Atlanta-based nonqualified mortgage lender, Angel Oak Mortgage Solutions, is capitalizing on the current high levels of equity by venturing into the HELOC market. Unlike traditional HELOCs that require a minimum of 20% equity, Angel Oak’s HELOC qualifies borrowers based on their trailing 12- or 24-month bank statements. This innovative approach allows borrowers to access a line of credit without any usage restrictions.

One of the standout features of Angel Oak’s bank-statement HELOC is its suitability for self-employed borrowers. This loan enables them to leverage their home equity while keeping their primary mortgage intact. Whether the property is owner-occupied, a second home, or an investment property, qualified borrowers can benefit from this flexible financing option.

Tom Hutchens, the executive vice president of production for Angel Oak Mortgage Solutions, emphasized the company’s commitment to meeting the evolving needs of borrowers nationwide through the introduction of the bank statement HELOC product. The launch of this product, coupled with the expansion of their team, enables Angel Oak to provide better support to originators and borrowers while aligning with the current market momentum.

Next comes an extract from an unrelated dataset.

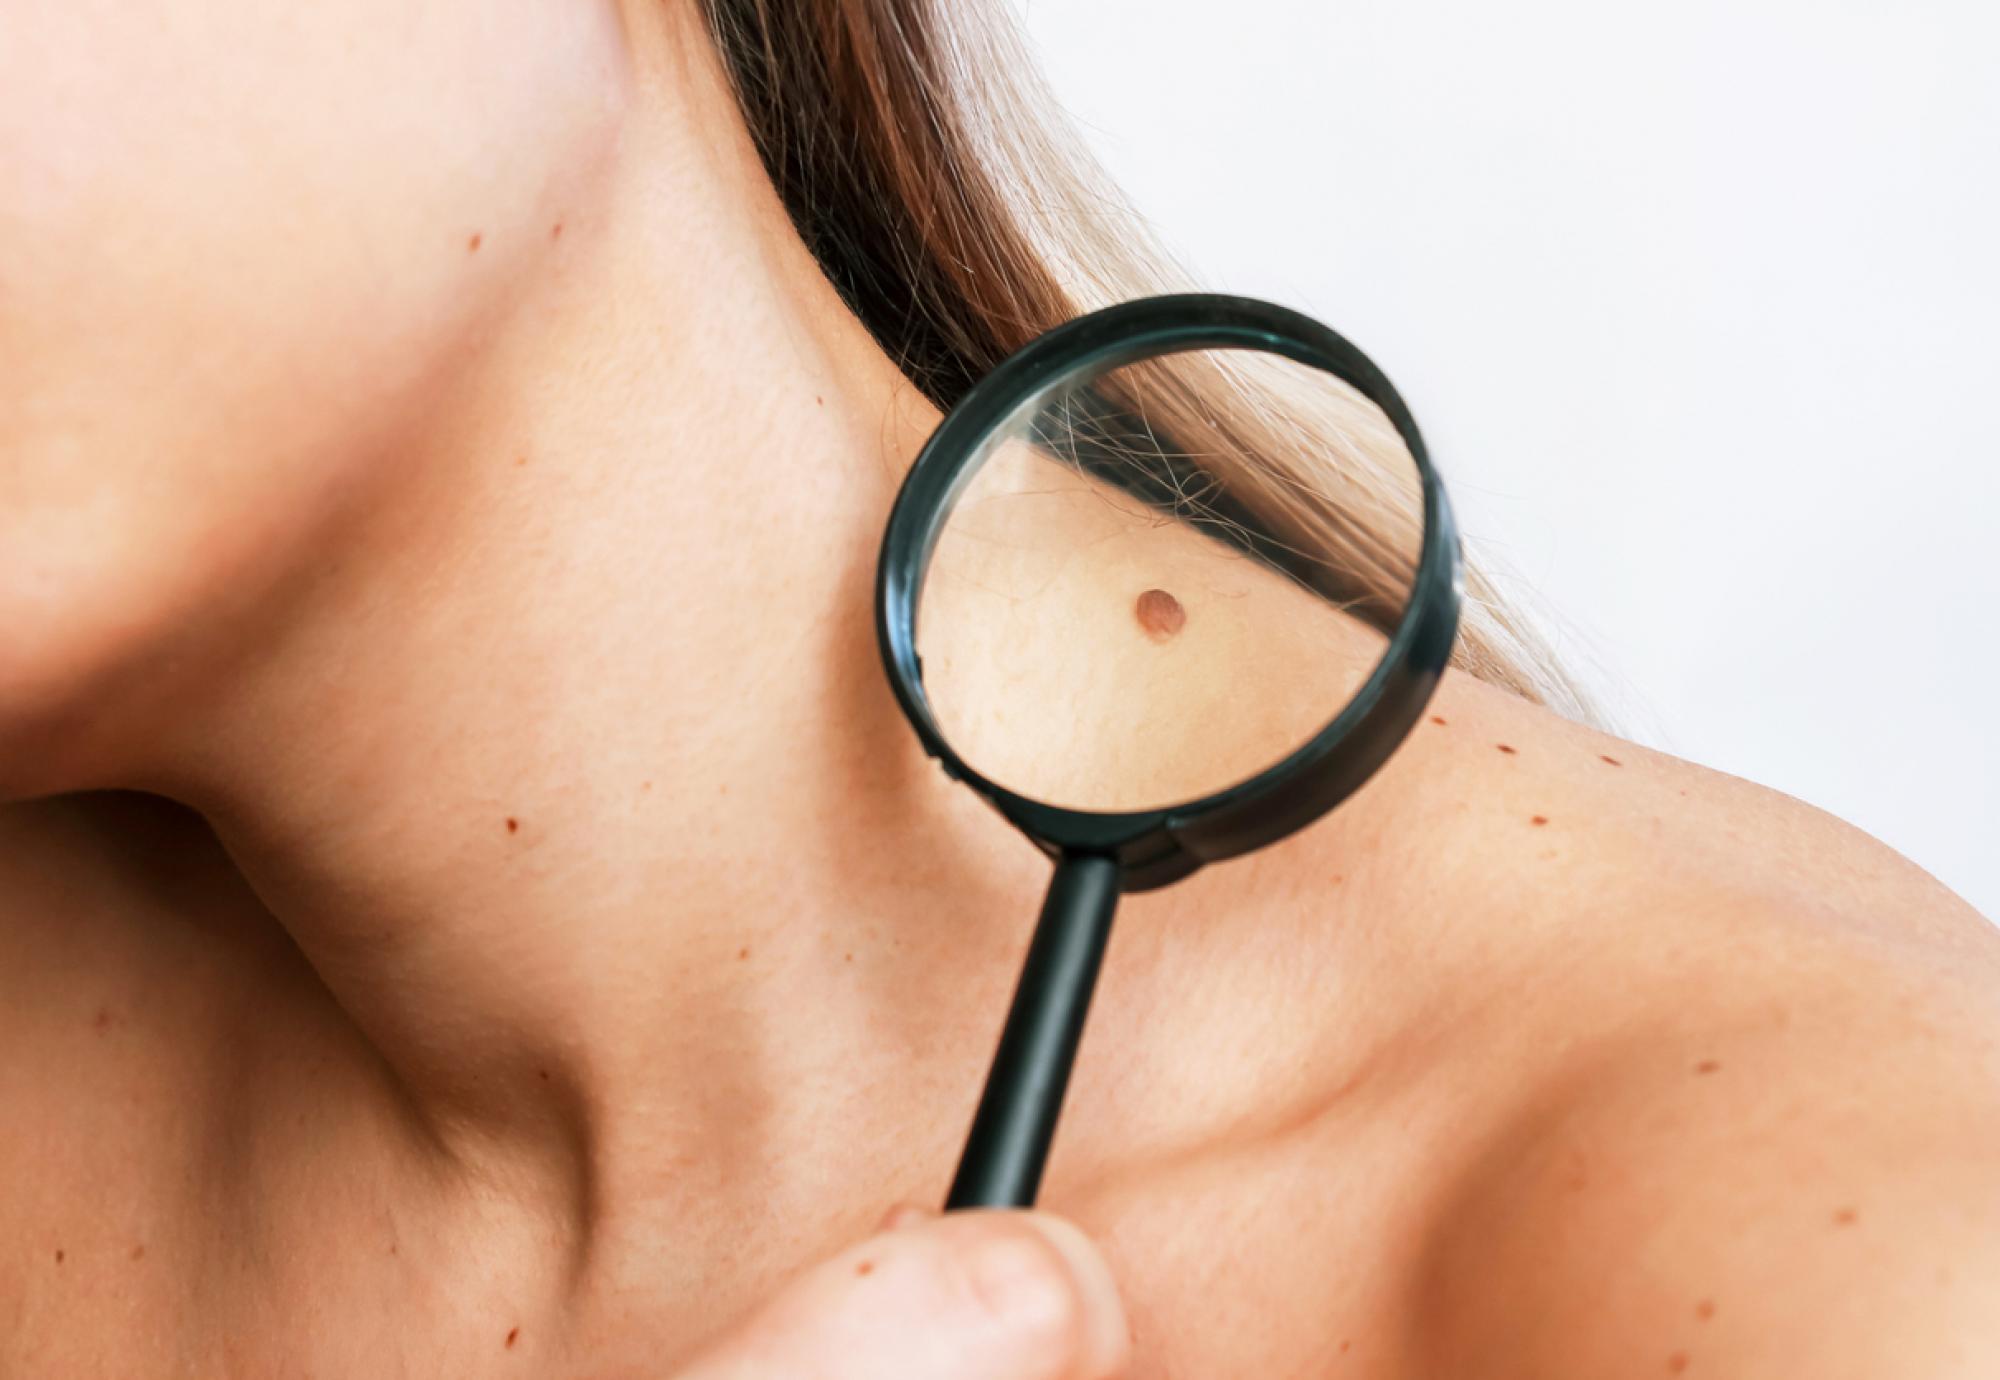 Mole on a woman's neck being magnified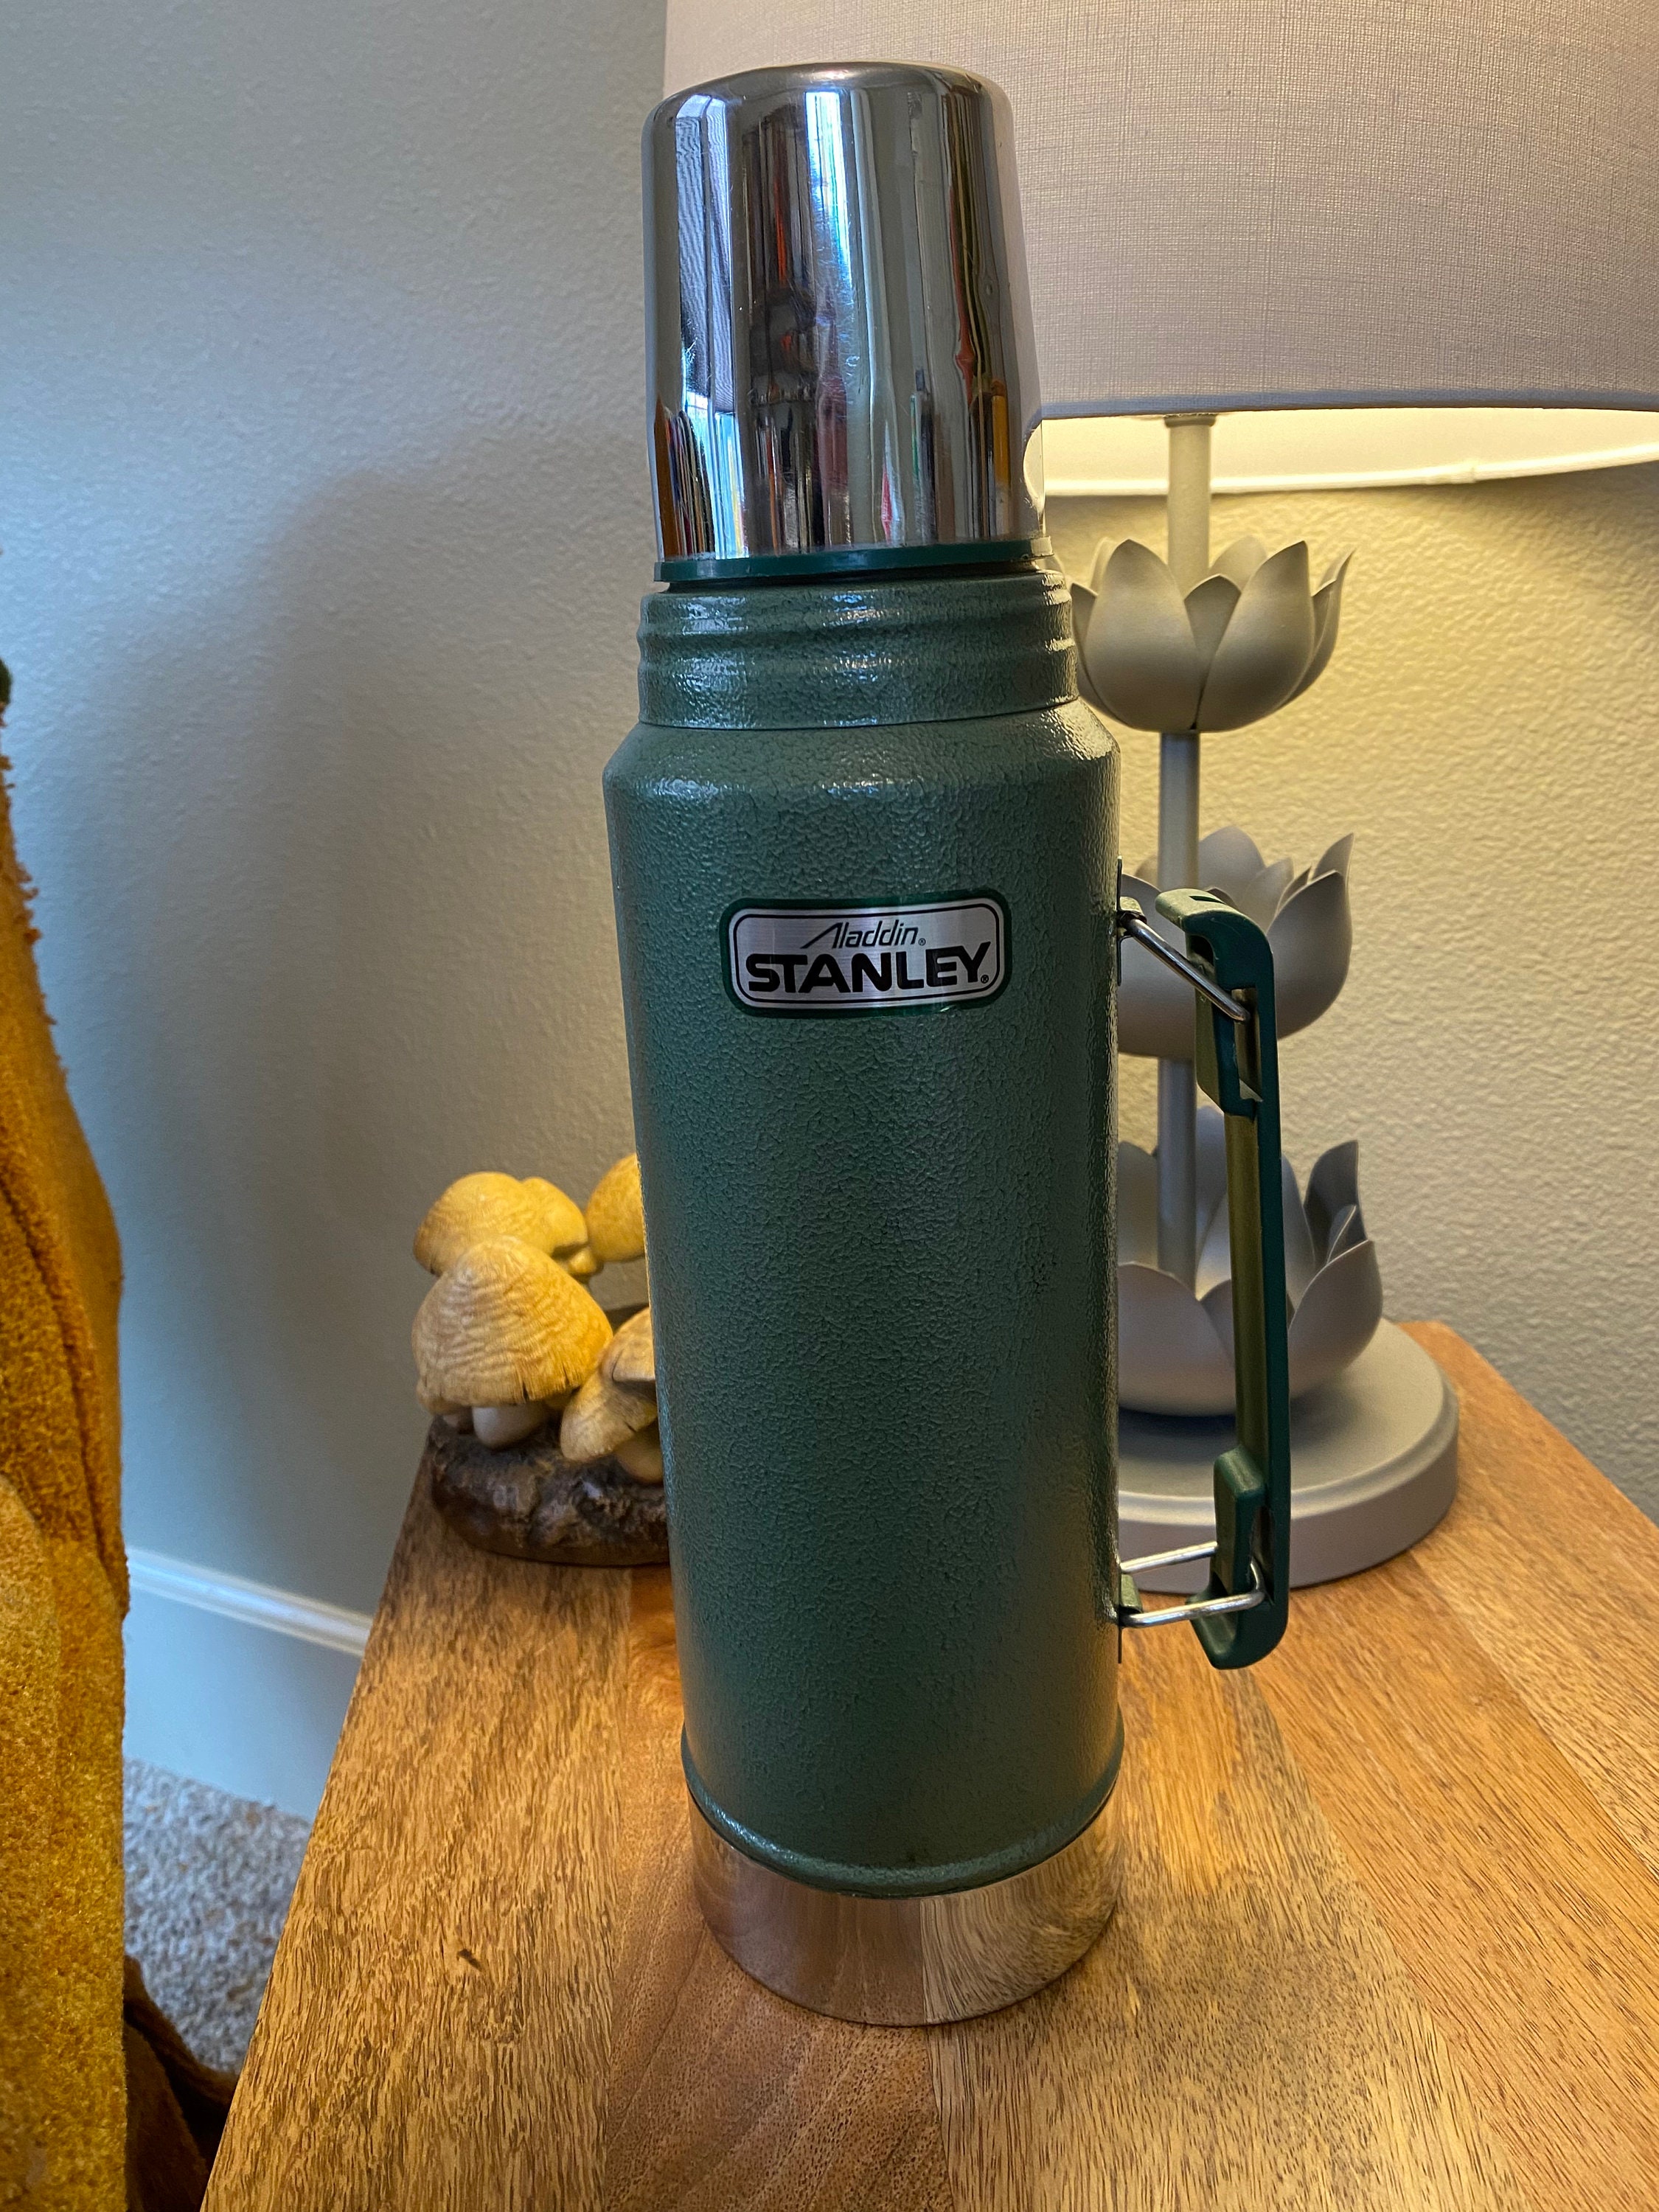 The ORIGINAL STANLEY THERMOS vintage Quart Green COOL

Angel Oak’s entry into the HELOC market comes at a time when equity levels across the country remain high. Despite a 7% decline in HELOC loan originations in the third quarter of 2023 due to increased interest rates, the Federal Reserve reported an increase in outstanding balances on HELOCs to $349 billion. Furthermore, data from the Fed shows a 2.3% growth in outstanding debt linked to home equity products, reaching $501 billion in the third quarter.

With a track record of originating $9.4 billion in non-QM volume since 2020 and over $18.6 billion in non-QM loans since its inception in 2013, Angel Oak is well-positioned to seize growth opportunities in 2024. The recent addition of six account executives further strengthens the company’s market presence in states such as California, Indiana, and Rhode Island.

In conclusion, the use of

in web development allows for the creation of visually appealing and organized websites. Angel Oak Mortgage Solutions’ entry into the HELOC market demonstrates their commitment to meeting the evolving needs of borrowers. With their innovative bank statement HELOC product and expanding team, Angel Oak is poised for further growth and success in the coming year.